Council also confirmed it will maintain the value of its $3.8b portfolio of property, infrastructure, plant, and equipment.
Deputy mayor Cr Paul Pingiaro said the results reflected strong fiscal discipline and a focus on long-term sustainability.
“We inherited some significant financial challenges and had to make some tough calls. But we’ve done exactly what the community would expect us to do and that’s to get our house in order,” he said.
“In December 2024, we were advised that if nothing changed the shire was heading towards a $296m cash deficit within ten years – that was a real wake up call.”
Pingiaro described the projected $67.2m cash balance as an “extraordinary turnaround,” adding that the plan provided “a clear responsible path forward”.
However, he noted that “in order to achieve our required surplus funds to keep the organisation running and servicing our community, there’s still more we can do”.
“We still need to introduce some challenging leavers but they are less than originally proposed now. Importantly, this plan also ensures we continue to meet our asset renewal targets, meaning our roads, buildings and facilities remain safe and functional in the long-term.
“Just like every household, our council budget must juggle the rising costs, inflation and community expectations all by keeping services running and infrastructure maintained.”
The plan was shaped by feedback from more than 3500 community members earlier this year.
The shire’s ten-year Asset Plan was also adopted at the council meeting. Together with the Financial Plan, it highlights more than $26m in savings found in recent years, including $10m in the 2025-26 budget.
In terms of rate capping the Financial Plan noted this “has challenged council’s long-term financial sustainability,” with the “effects of reduced income” evident through an average rate income of $1653 per rateable property in 2024-25.
“Our average rate is approximately $350 lower than other interface councils and $400 below the state average, representing a loss of around $40-42m in annual rates income,” the plan said.

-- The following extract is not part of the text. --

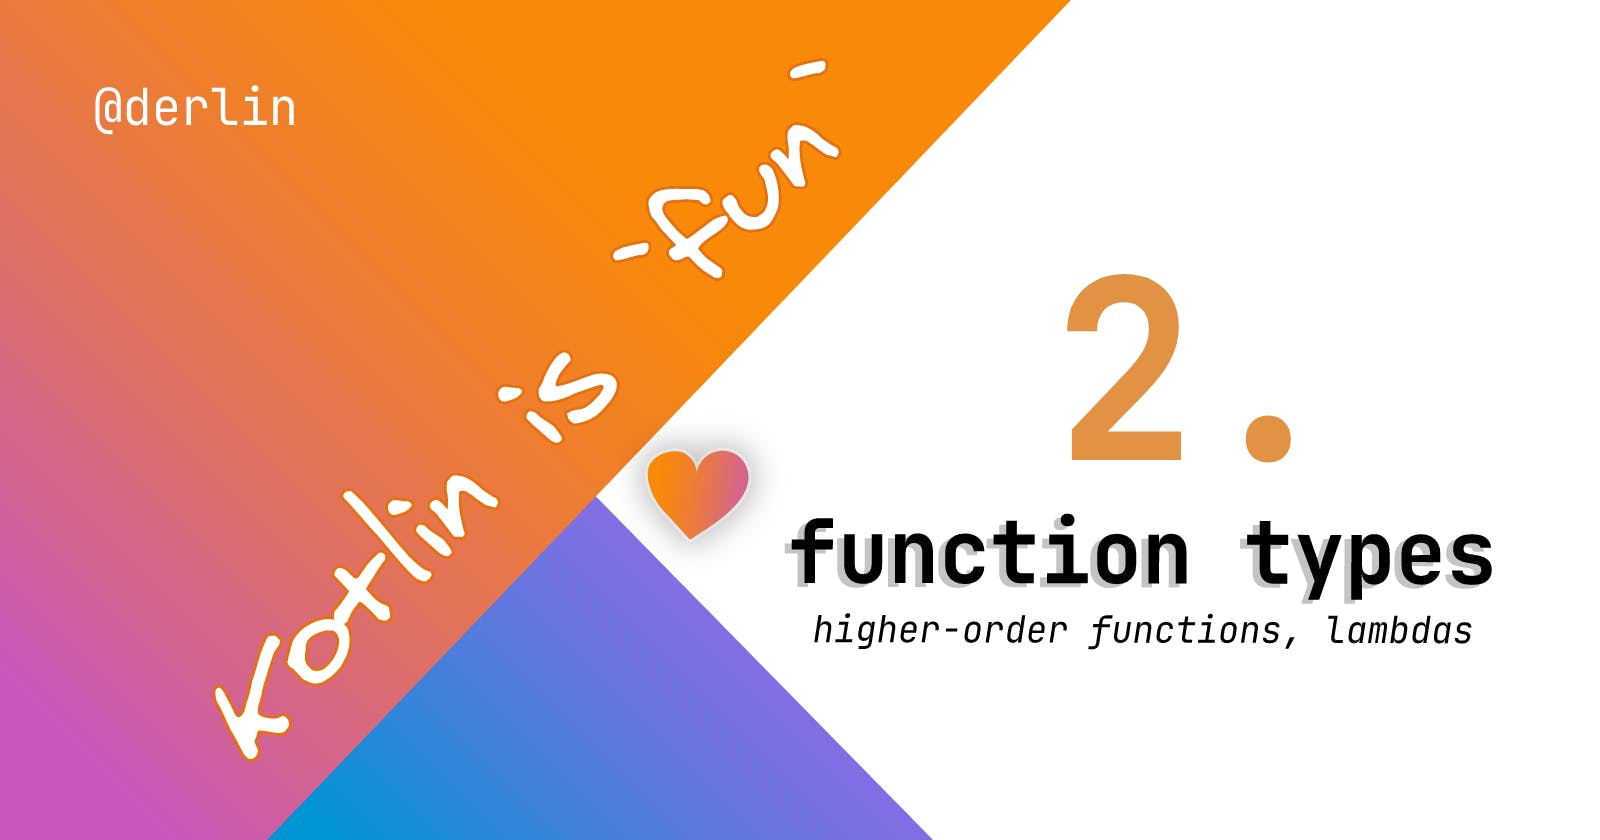 Kotlin is `fun` - Function types, lambdas, and higher-order functions
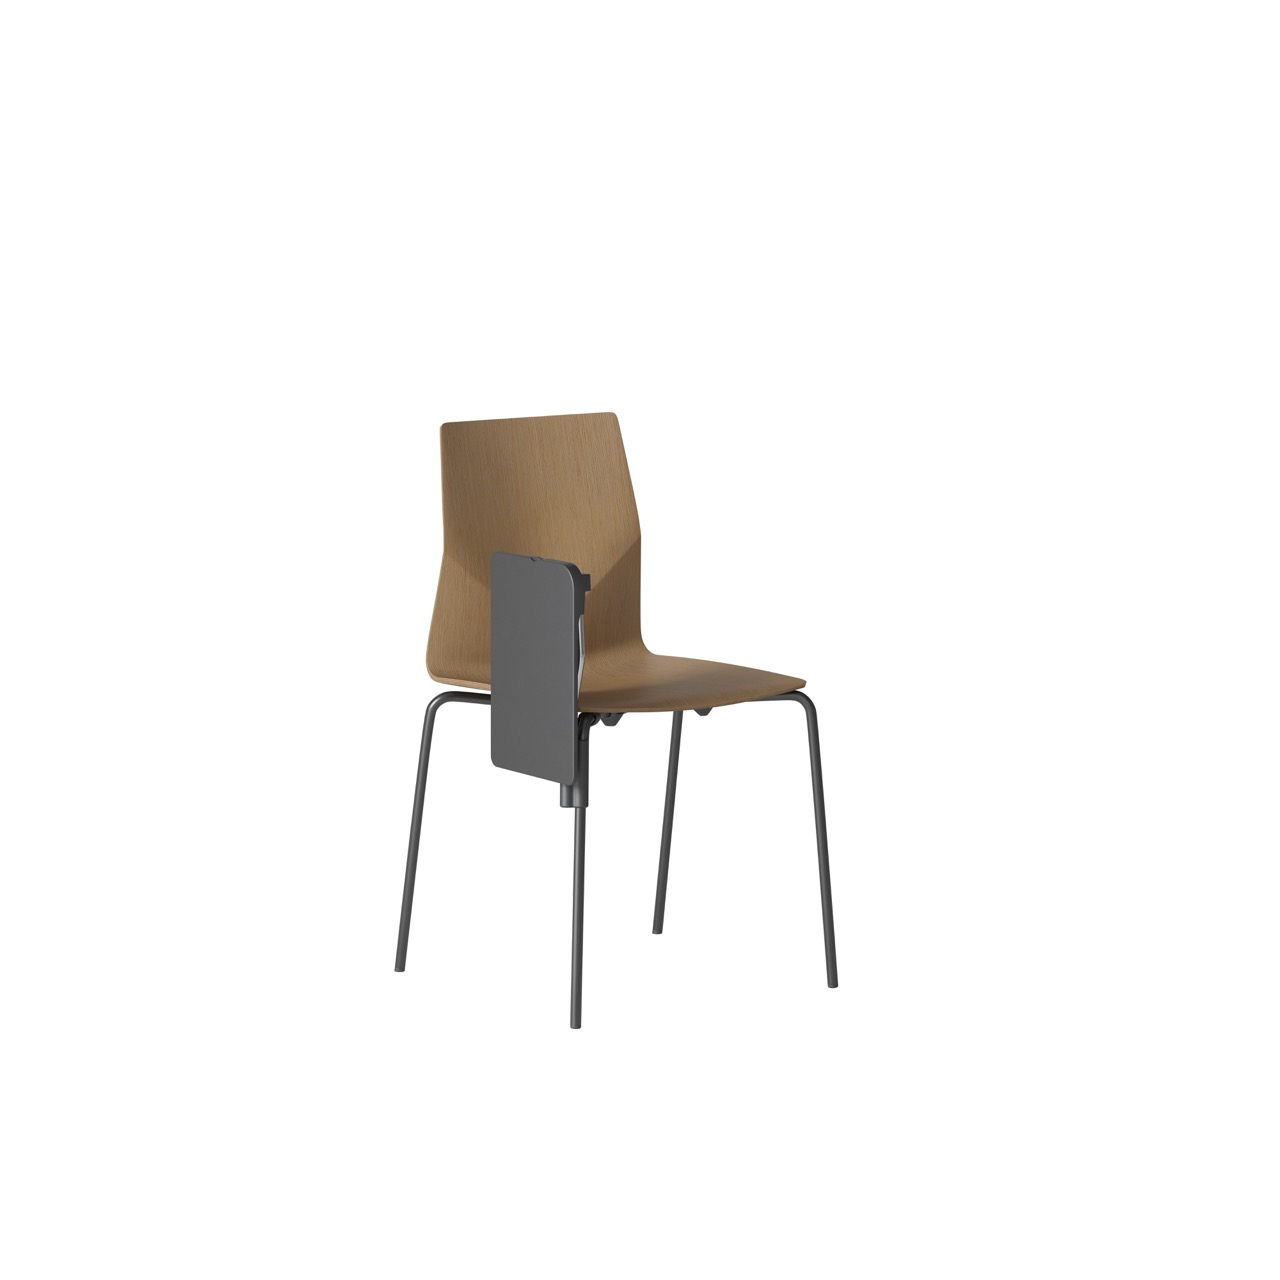 OCEE&FOUR – Chairs – FourCast 2 Four – Veneer shell - Inno Note - Nested - Packshot Image 5 Large

“Over time lower average rates contribute to a decline in service levels due to the compounding effect of the cap.”
The Financial Plan was endorsed at the meeting with Cr David Gill the only councillor to vote against it. He said he disagreed with the plan’s direction and felt community priorities were not being addressed.
“It’s not about waiting for the money – it’s about having the right priorities,” he said.
“I’ve never seen a council on the Mornington Peninsula that didn’t have a balanced budget, and I don’t believe we’ll have a balanced budget next year or at the end of ten years; we will make adjustments along the way,” he said.
Mayor Cr Anthony Marsh said balancing the books did not necessarily reflect good financial management.
“Balancing a budget just means your expenses don’t exceed your revenue. It doesn’t mean you’ve spent money well, so it’s not the goal or the outcome… balancing a budget means you’re not in a deficit year on year,” he said.
Marsh said the adoption of both plans “set a clear and balanced direction for how we’ll plan, invest and deliver for the peninsula over the coming years.”
“Thank you to everyone who took part in shaping these plans. Your ideas, insights and feedback have helped us create a strong foundation for our future,” he said.
Cr Kate Roper, a councillor since 2016, emphasised that “the last two councils did not let things slide” but said “we do have to be financially responsible, and we’ve made some further hard decisions”.